Sometimes economics is the only thing some people understand. An asset that generates $5 billion a year is worth at least $100 billion.
We should do everything we can to prevent its destruction – for its economic value and for its own sake.
But morally we cannot expect the rest of the world to reduce carbon emissions drastically to save our reef unless we are leading the effort ourselves. This is why the argument that Australia as a small part of the world economy can make little difference, therefore we should not bother, will not wash.
We should set ourselves the strictest targets so that we can be in a position to get world action. We should be seeking help from the US, Europe and Japan not to buy weapons systems with money we haven't got to attack enemies we don't have, but to deal with the real threat to our national well-being – climate change.

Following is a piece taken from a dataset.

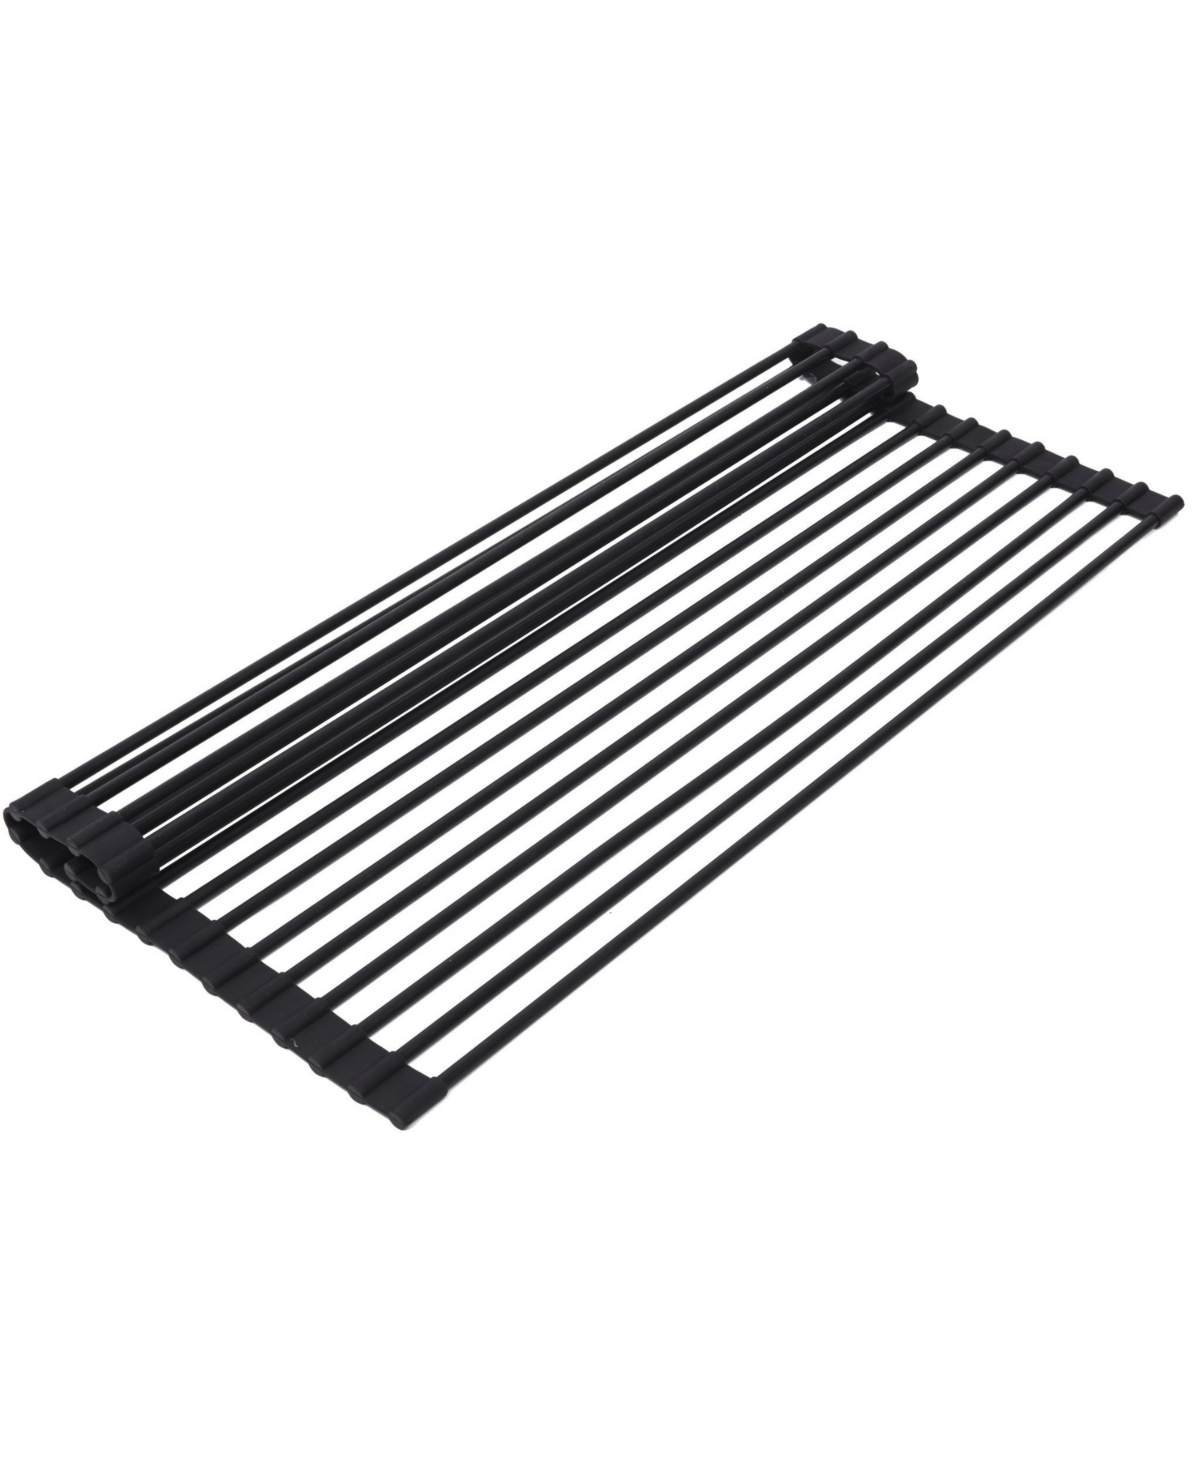 Dr-881 Over-The-Sink Roll-Up Drying Rack - Black

We should not be encouraging India to mine coal in Australia which will add to the threat. Rather we should encourage it to wean itself off coal and leave it in the ground.
This year's bleaching should serve as a warning to Australia and the world. After all, the Great Barrier Reef is the world's asset, too.
A lot of the reef may recover this time, but if there is another bleaching of this magnitude in the near future (very likely if we continue the way we are going) there could be so little left that the name Great Barrier Reef will be only a name.
Alas, it seems to be in human DNA to destroy the animals that sustain us.
The reef's tourism industry is desperate to underplay the bleaching, but it should be sounding alarm bells. It should be urging that, aside from climate change, governments can also act on other things that harm the reef over which we have direct control – such as chemical-laden run-off from agricultural land, coastal development and over-fishing.
As it happens, this month the ABC has been showing David Attenborough's documentary Great Barrier Reef. Attenborough has seen perhaps more of the natural world than anyone, so what he says about it really counts.
He said, "People say, what was the most magical moment in your career as a naturalist? And I always reply: 'The first time I put on a mask and went below the surface [on the Great Barrier Reef] and moved in three dimensions with just the flick of a fin, and suddenly saw all these amazing multi-coloured things living in communities right there.'
"You suddenly realise you can move in any direction. You're not harnessed by gravity any more. You're free. It's bliss. An extraordinary experience, like going into space – such splendour: all of these things moving through an architecture of coral. There's no equivalent anywhere else in the natural world."
His documentary was shot before the summer of 2015-2016. Let's hope we can make sure his words will still hold true in the future.